| Supplied data |
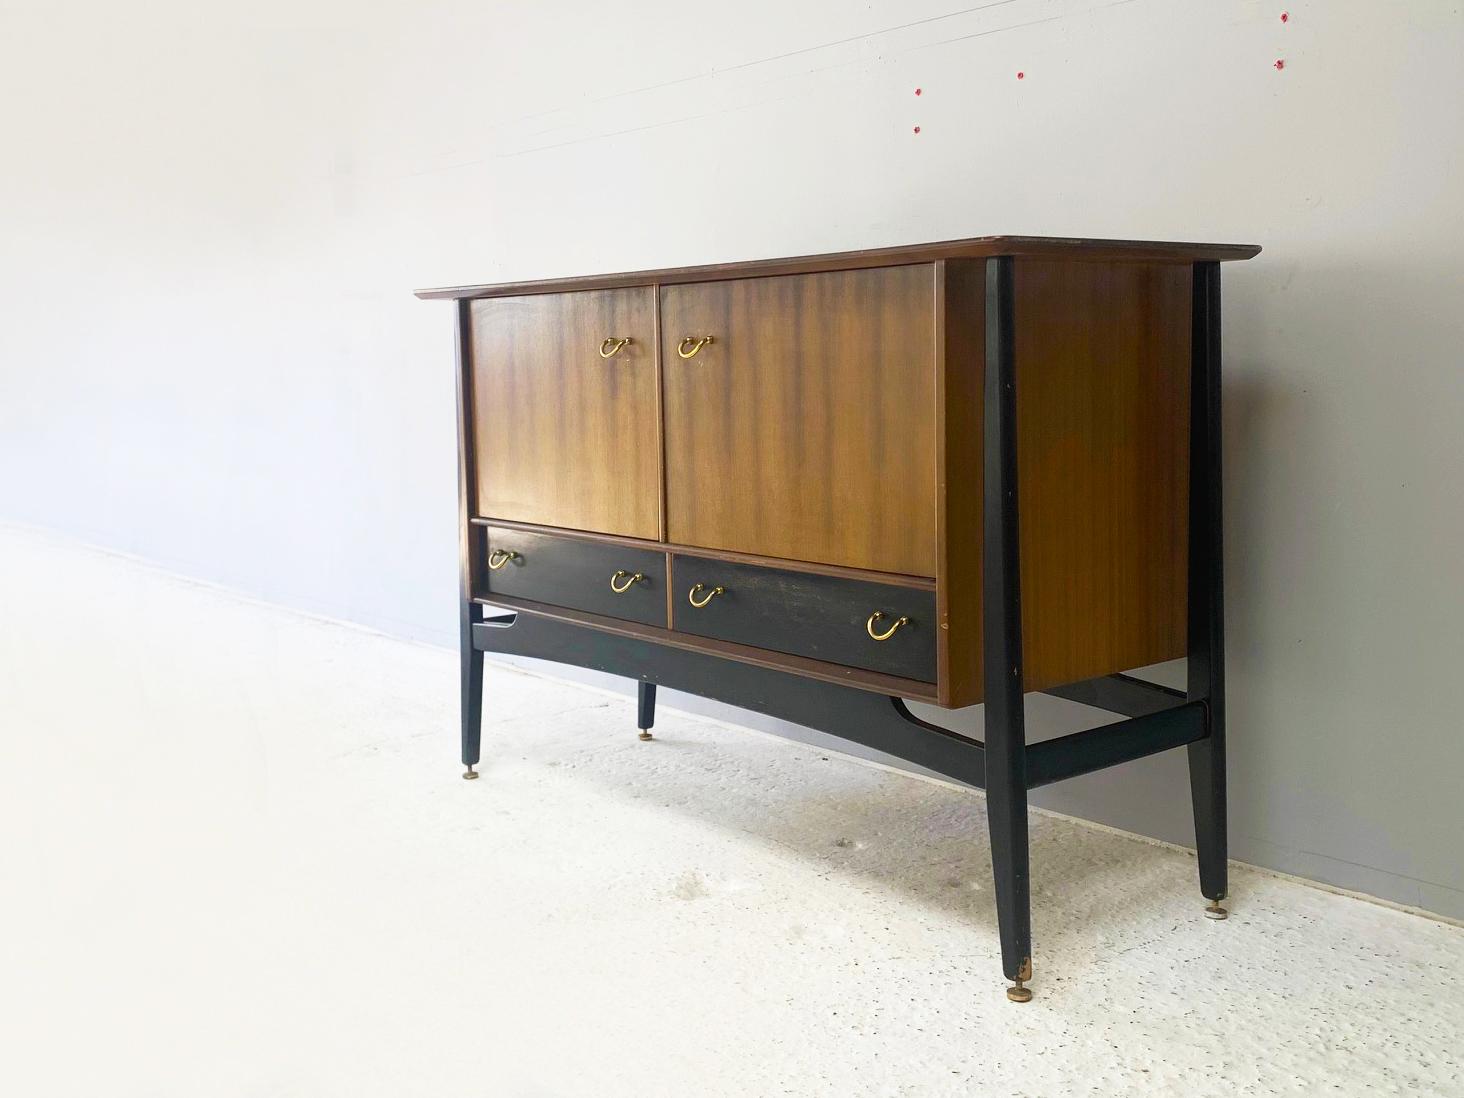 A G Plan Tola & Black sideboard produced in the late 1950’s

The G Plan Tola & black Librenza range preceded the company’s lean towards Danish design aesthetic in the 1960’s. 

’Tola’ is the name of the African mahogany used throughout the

| Work task |
Line by line, restate the data above exactly as it stands, minus the pictures.

| Answer box |
 A G Plan Tola & Black sideboard produced in the late 1950’s

The G Plan Tola & black Librenza range preceded the company’s lean towards Danish design aesthetic in the 1960’s. 

’Tola’ is the name of the African mahogany used throughout the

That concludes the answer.